Yes, but usually we keep those 2 kinds of optimizations separate, only combining chip design and production process. Because if the software is optimized, the hardware isn't really doing the same thing.
So yes AI speed may increase more than just the hardware, but for the most sophisticated systems, the tasks will be more complex, which may again slow the software down.
So I think they will never be able to achieve it even when considering software optimizations too. Just the latest Tesla cars boast about 4 times higher resolution cameras, that will require 4 times the processing power to process image recognition, which then will be more accurate, but relatively slower.
We are not where we want to be, and the systems of the future will clearly be more complex, and on the software are more likely to be slower than faster.
Why does that make a difference? Compute for AI is build on the progress for compute first for GPU then for data center. They are similar in nature.
Yes they have exceeded 2x for AI for a while, but that has been achieved through exploding die size and cost, but even that won't make a million times faster in 10 years possible, because they can't increase die sizes any further.
So a Cerebras wafer will be 10^6 faster for the same computation as now, for the same price, in just 10 years? Not after Moore scaling ended many years ago and neural hardware architecture has matured. You can sure go analog, but that's not the same computation. And that's the end of the line, not without true 3d integration.
It requires 4X speed increase every year, production quality scale can't provide even close to half of that, maybe 25%, then another 25% from design, and regarding increasing die sizes they are already close to the end. So the only way to get from 150% to 400% per year is by using multi chip designs, meaning they will have to use 2.5x more chips per year. so the multi chip package in 10 years will probably have to have almost 10,000 chips! All of them bleeding edge!!!
The H200 is estimated to cost $40K, the future 10 year chip will be more like $40 million.

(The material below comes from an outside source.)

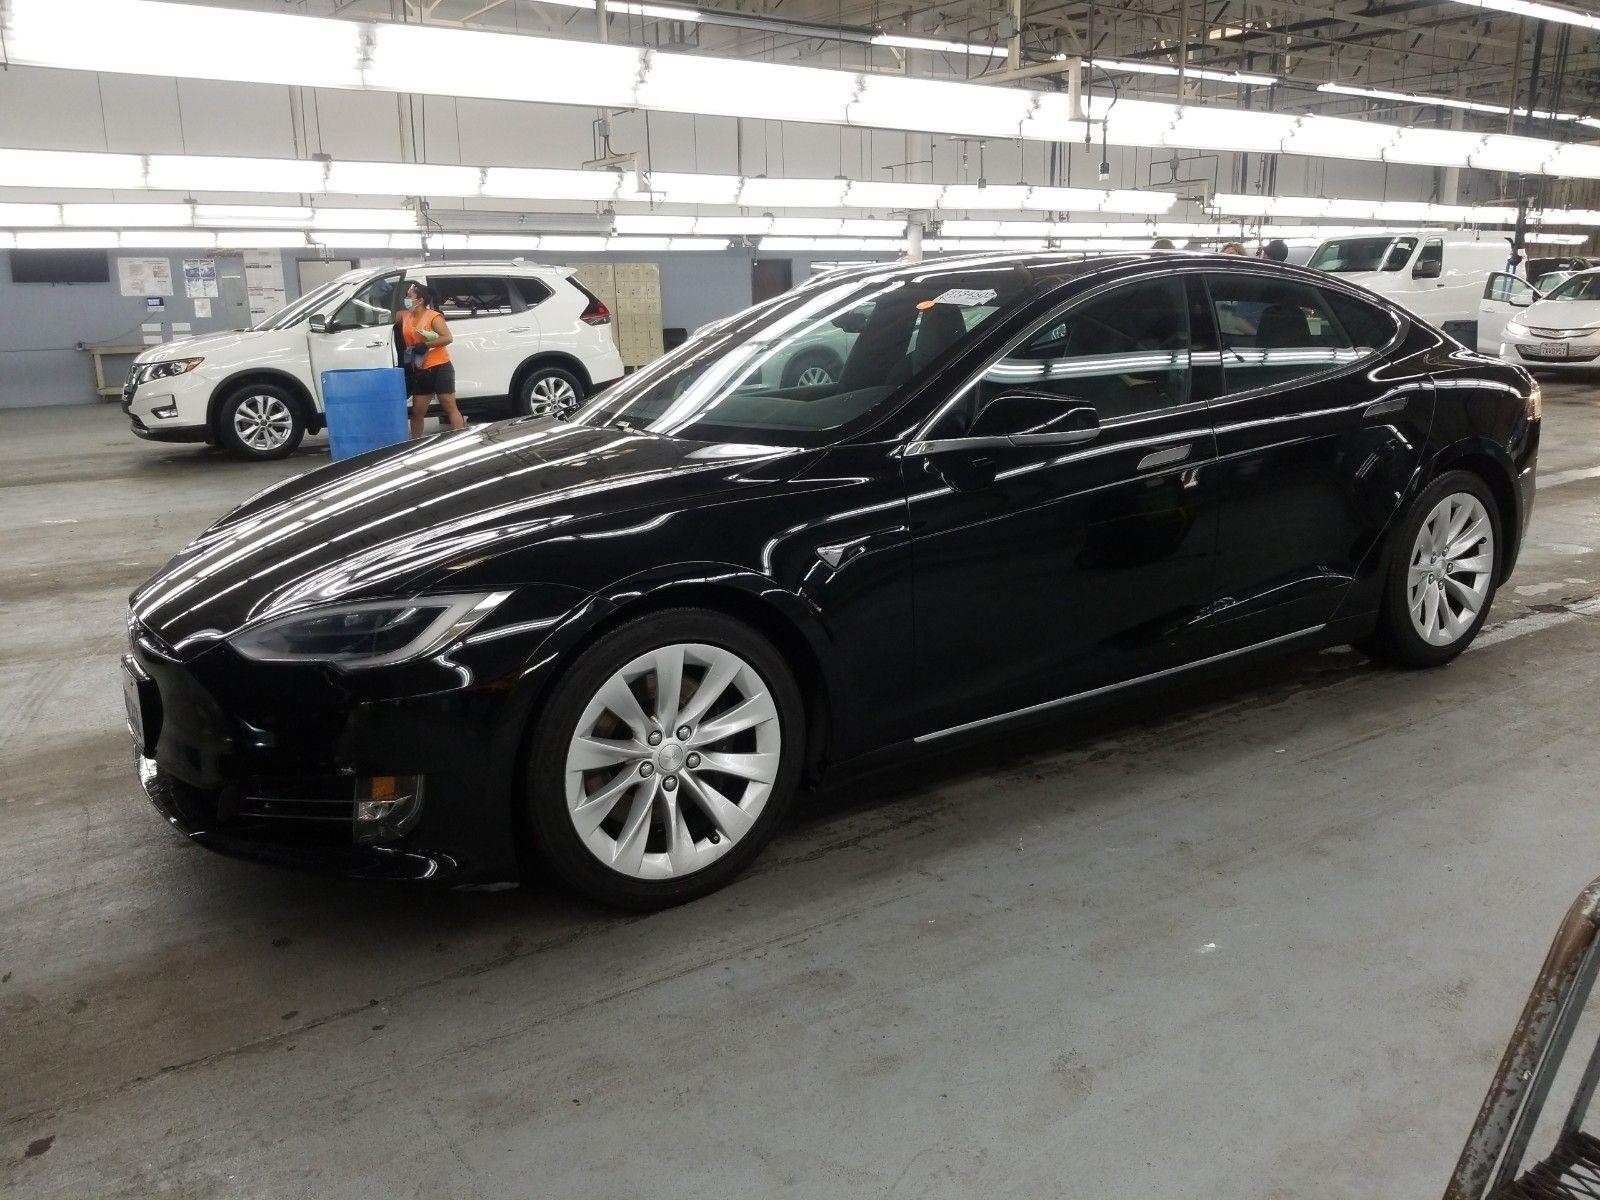 2018 Tesla Model s . Lot 99913867818 Vin 5YJSA1E29JF293647

Or maybe more like impossible to achieve.
Yeah really, semiconductor has begun stagnating in progress recently due to fundamental limits. I'm gonna call bull on this one, I think they are rather forecasting pluging demand.
True artificial intelligence likely requires quantum computing because there's some quantum stuff happening our brains and probably the smartest living human (Sir Roger Penrose) thinks that's where the secret to consciousness is hiding after spending the last couple decades investigating that after helping Hawking finish up Einstein's work
If you just mean a chat bot that can pass the Turing test, then yeah we can just wait a decade instead of developing special tech for AI.

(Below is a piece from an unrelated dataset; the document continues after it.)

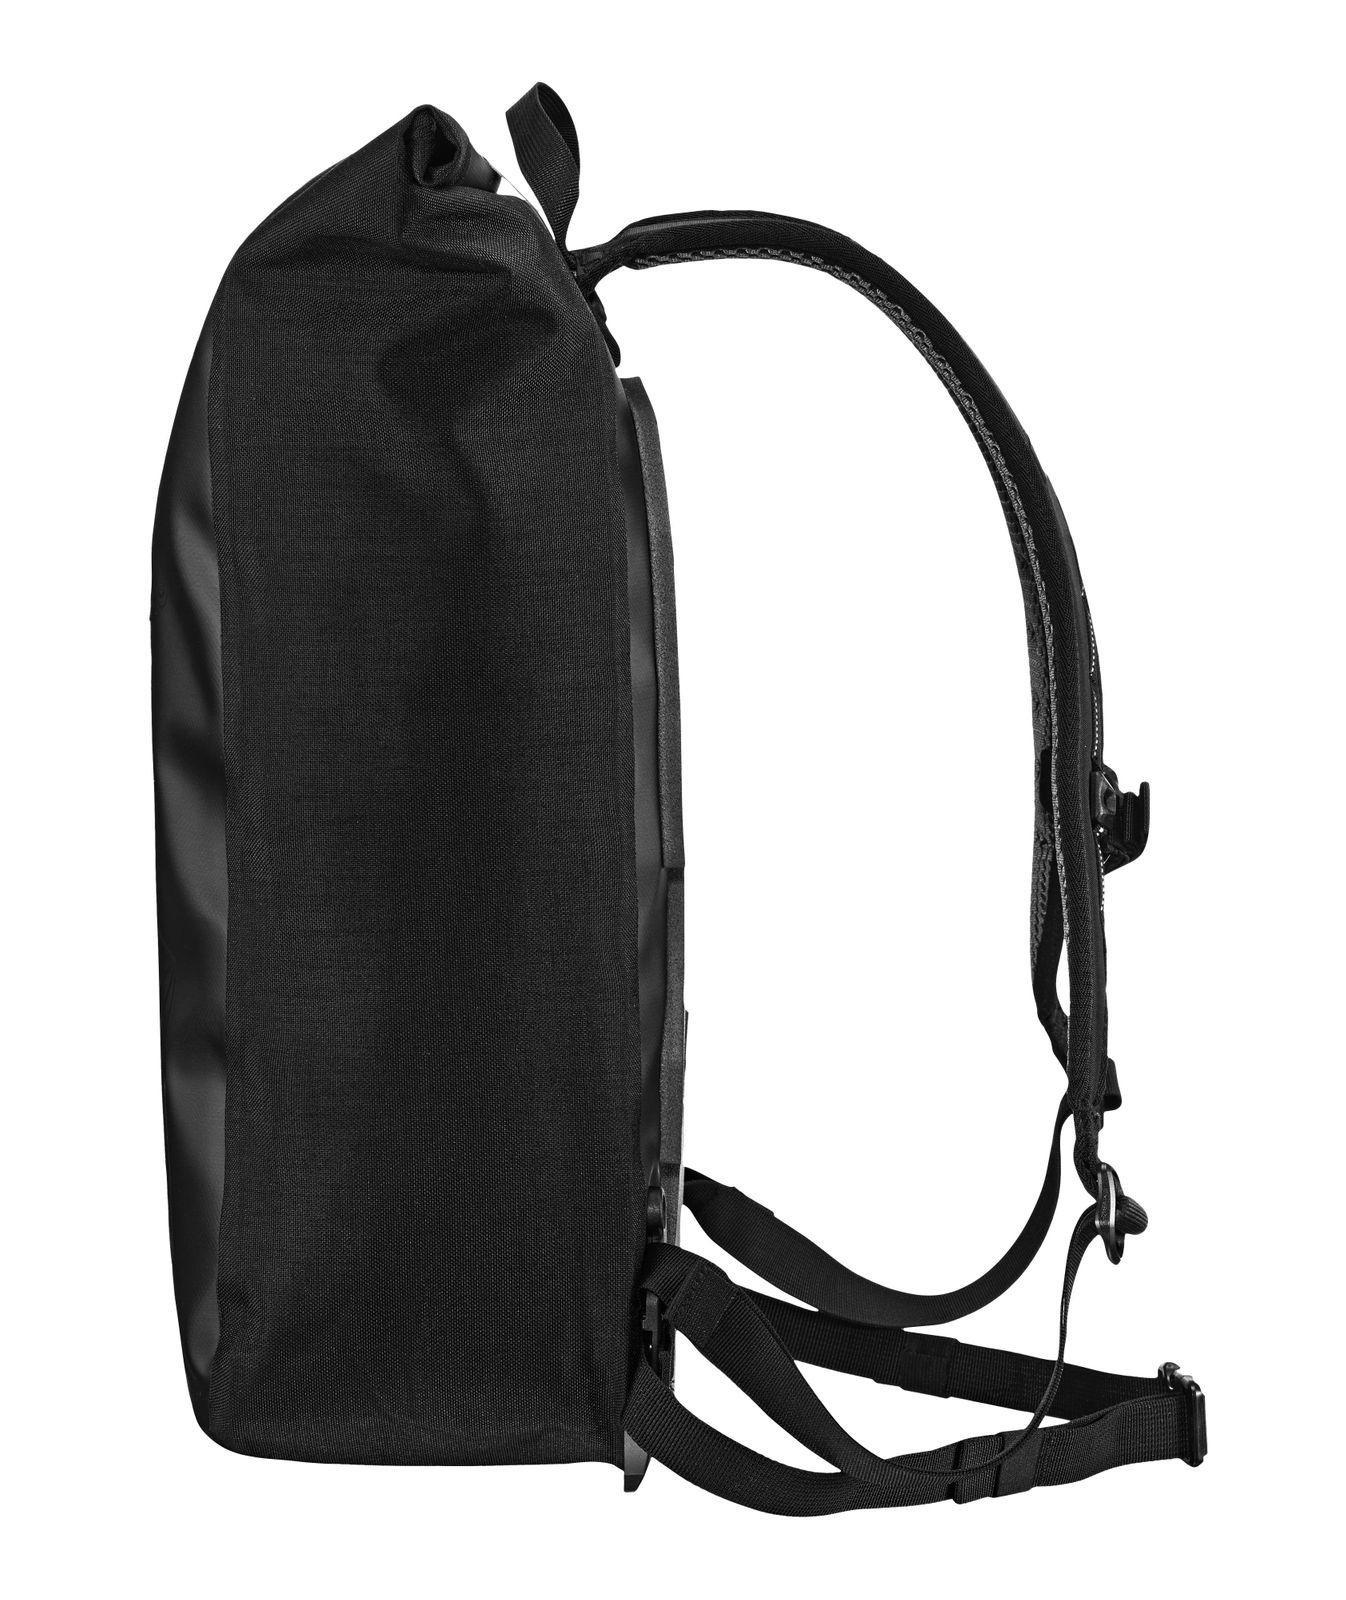 ORTLIEB Design Velocity City Backpack 23L Symmetry / Black Matt

I mean, if we really develop artificial intelligence before we understand our own consciousness, we're probably fucked anyways.
It'd be like somehow inventing a nuclear bomb before understanding what radiation was. We'd have no idea what we're creating or what the consequences of flipping the switch would be.

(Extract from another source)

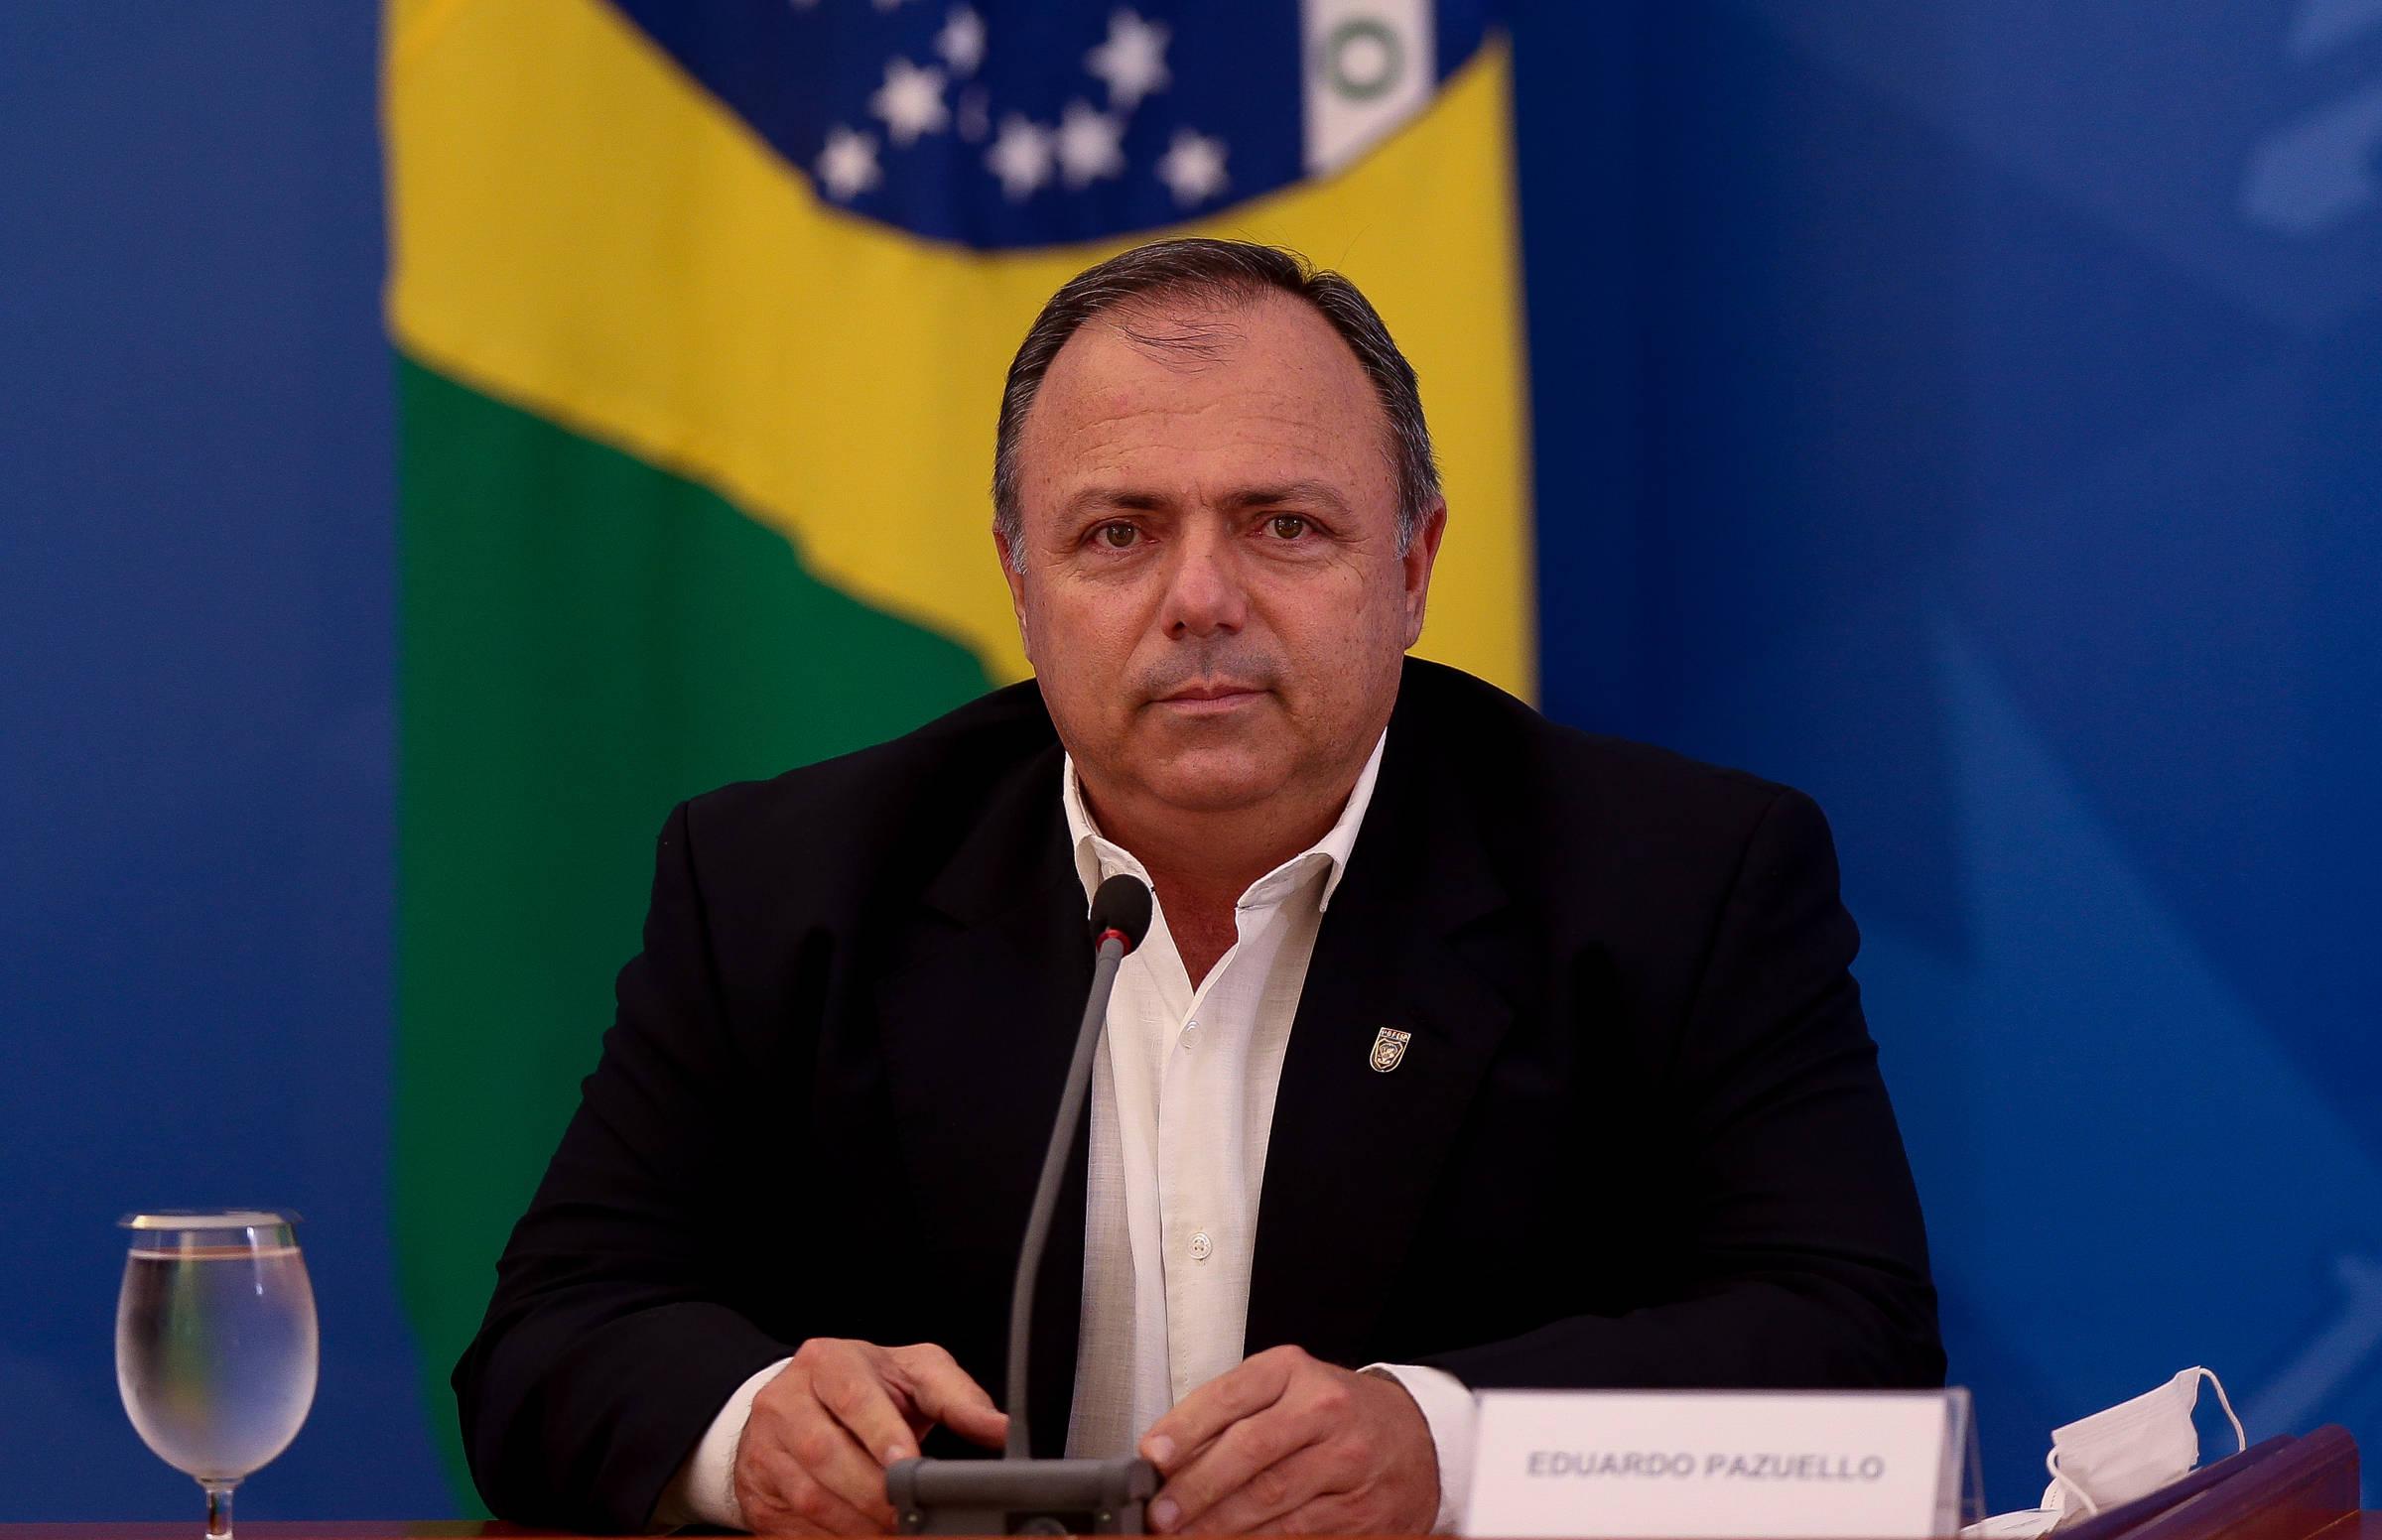 Guias de Bolsonaro e Pazuello chama Gilmar Mendes - 15.7.2020. - Monica Bergamo

Roger Penrose is a mathematician who made important contributions to theoretical physics in the 1960ies, for which he received a Nobel Prize. In later decades, he published speculative books on consciousness, quantum physics, and neurobiology. These ideas have been out there for about 30 years now but have not been able to convince scientists in general. Rather, they are generally considered implausible or outright contradicted by the evidence. Simply put: It's wrong.
The idea that quantum physics plays a direct role in brain function is very much on the fringes of science.
No offense meant. I know these ideas are very important to many spiritual people, but I felt the casual reader should know that it is not important in science.
Can we stop with this "not real AI" meme... it's a painfully dull response at this point, why does the goal post have legs? Just because Penrose thinks quantum mumbo jumbo is needed doesn't mean he is right, machine learning is completely outside his field of expertise.